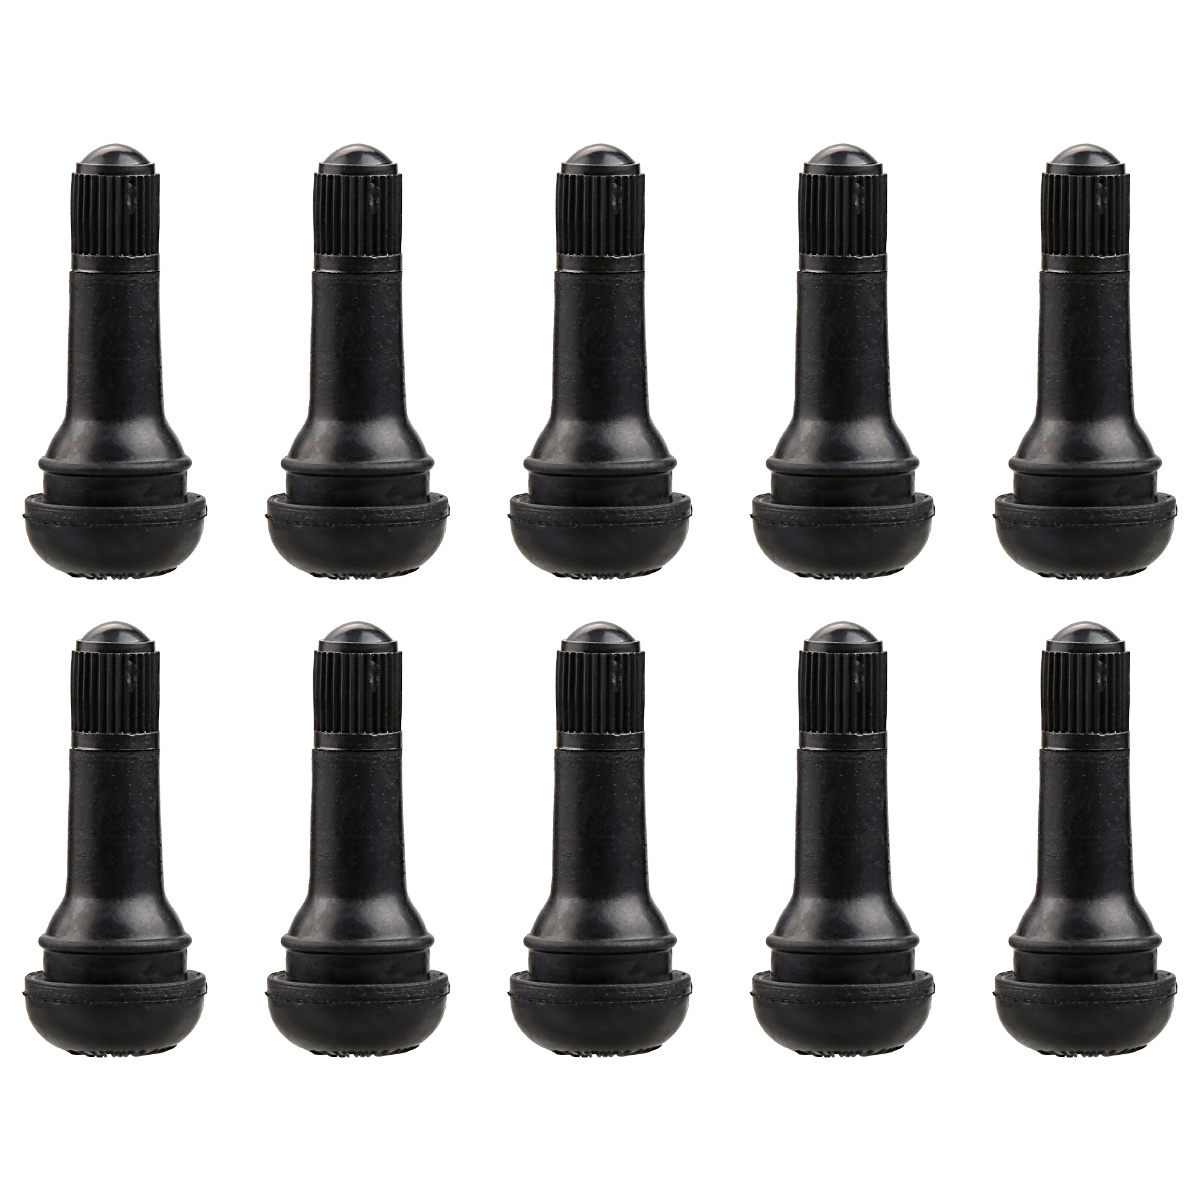 Tyre Tire Valves Snap In Tire Tyre Valve Stem Car Motorcycle Universal  Replacement Snap In Tire Tyre Valve Stem (tr414)black,10pcs
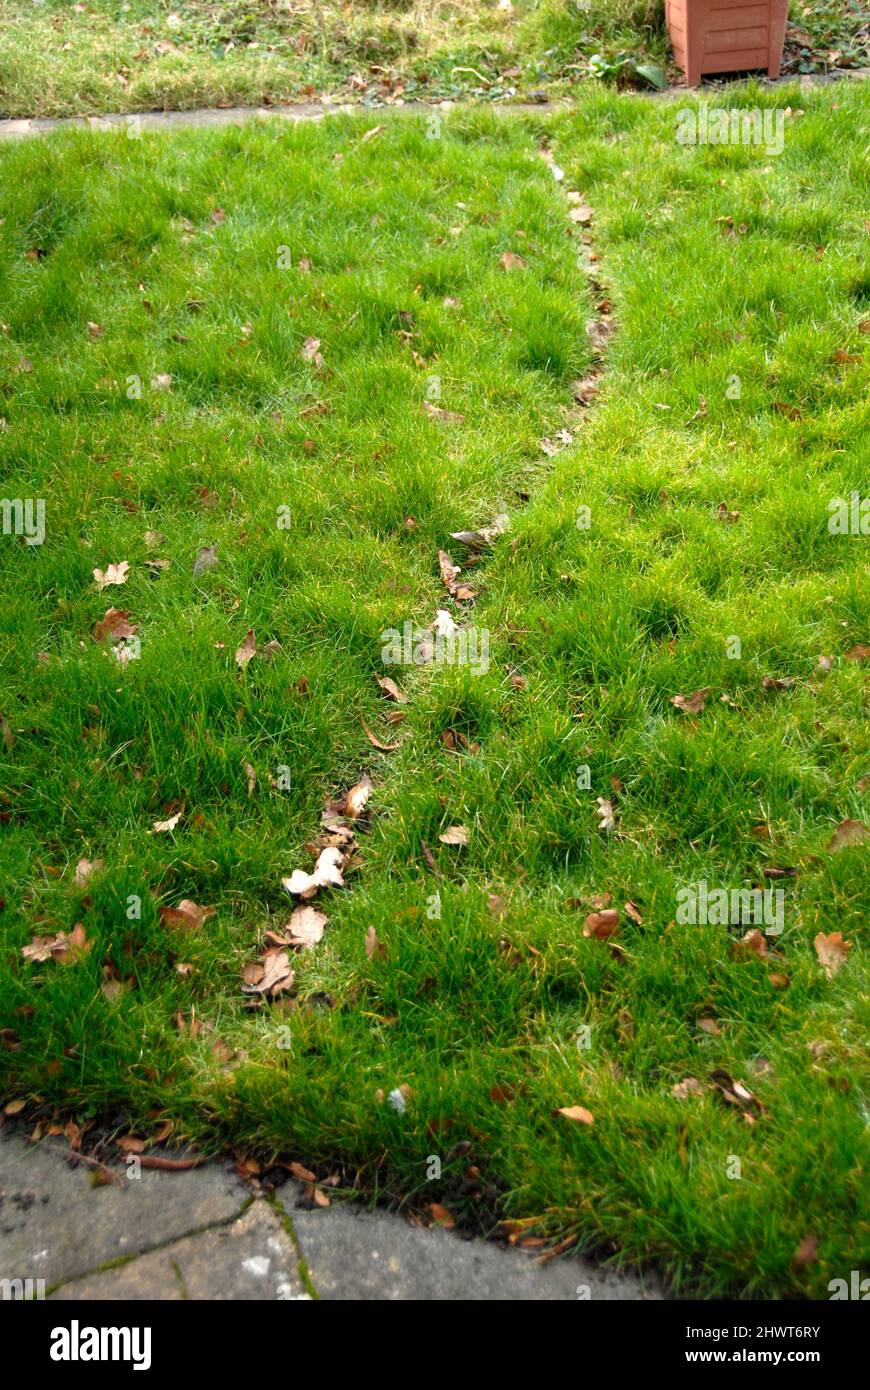 Track left by foxes repeatedly using the same path over long grass in suburban garden, uncut due to inclement weather Stock Photo
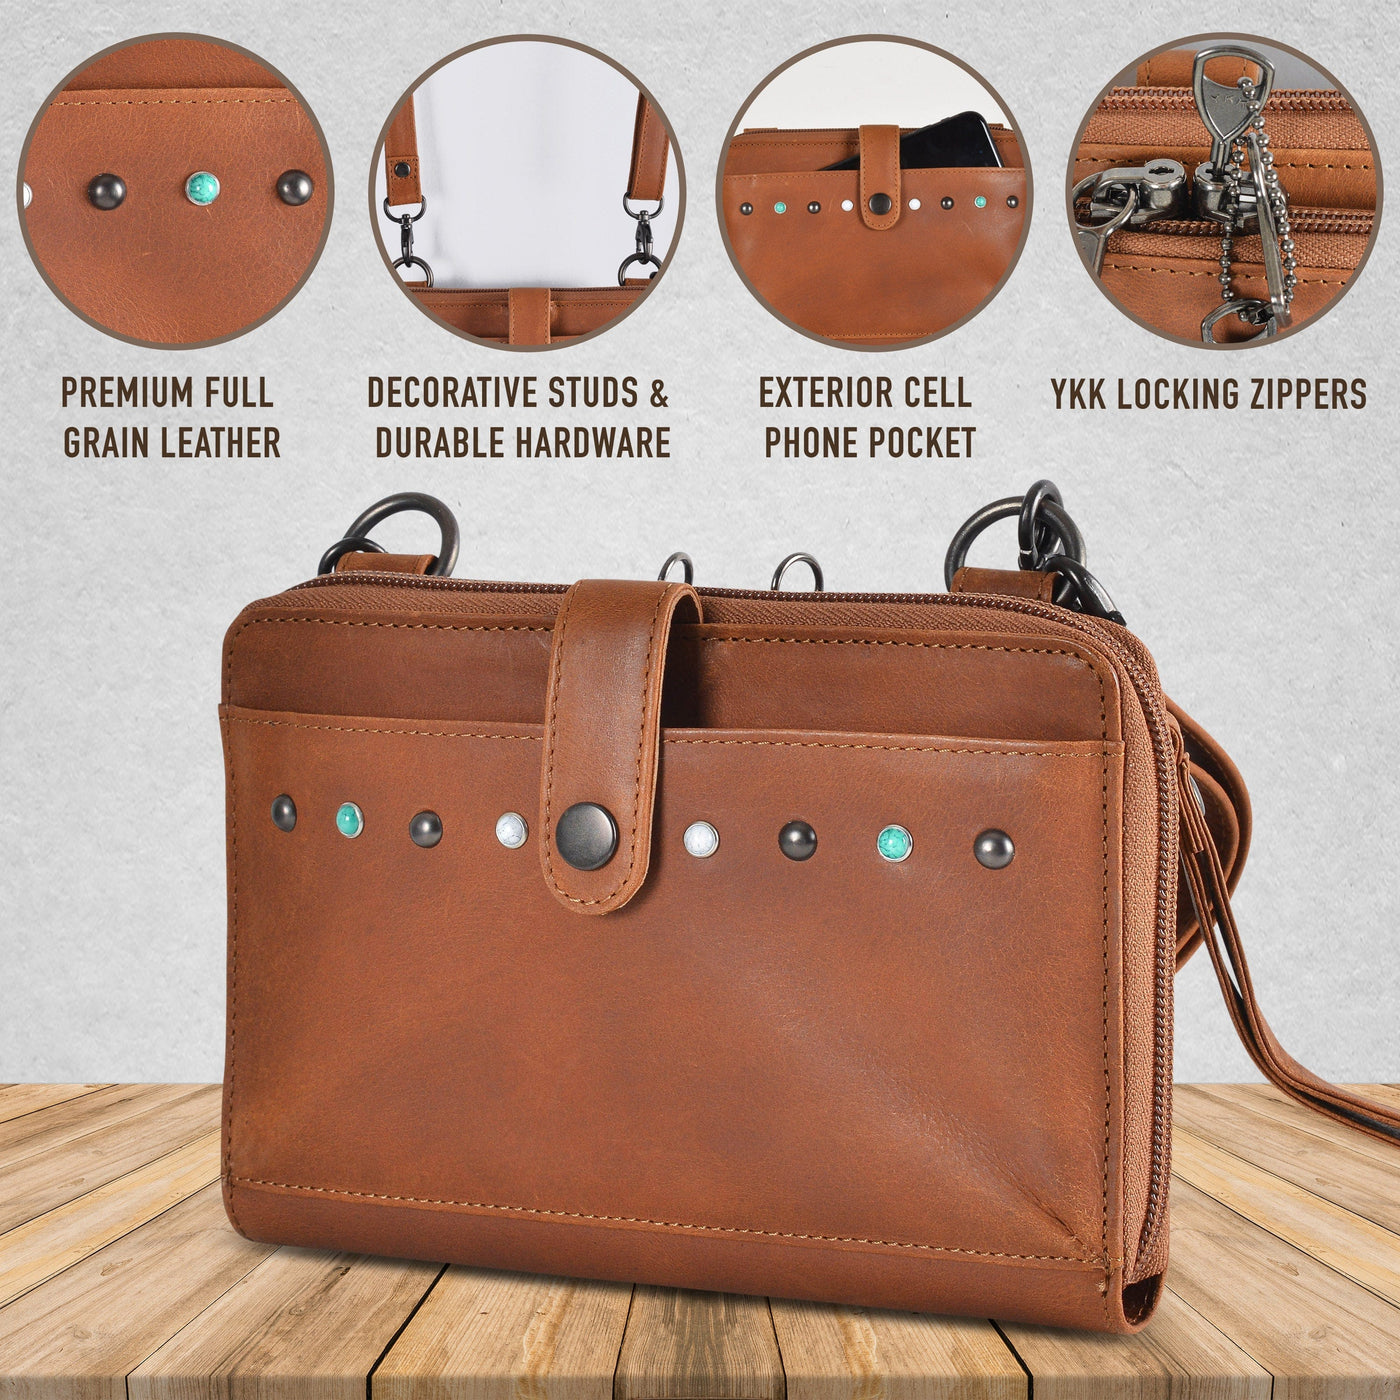 Concealed Carry Millie Leather Crossbody Organizer -  YKK Locking with Universal Holster for Pistol -  Lightweight Concealed Carry -  CCW Pistol Bag -  Women Conceal Carry -  crossbody handgun bag -  crossbody bags for everyday use -  Lady Conceal -  Unique Hide Purse -  Locking YKK Purse -  Fanny Pack for Gun and Pistol -  Easy CCW -  Fast Draw Bag -  Secure Gun Bag

★ ★ ★ ★ ★

TASK DIRECTIONS:
Starting at the line that contains "Track left by", extract each line through the last line of the material exactly as written, and include no pictures.

TASK ANSWER:
 Track left by foxes repeatedly using the same path over long grass in suburban garden, uncut due to inclement weather Stock Photo
 Concealed Carry Millie Leather Crossbody Organizer -  YKK Locking with Universal Holster for Pistol -  Lightweight Concealed Carry -  CCW Pistol Bag -  Women Conceal Carry -  crossbody handgun bag -  crossbody bags for everyday use -  Lady Conceal -  Unique Hide Purse -  Locking YKK Purse -  Fanny Pack for Gun and Pistol -  Easy CCW -  Fast Draw Bag -  Secure Gun Bag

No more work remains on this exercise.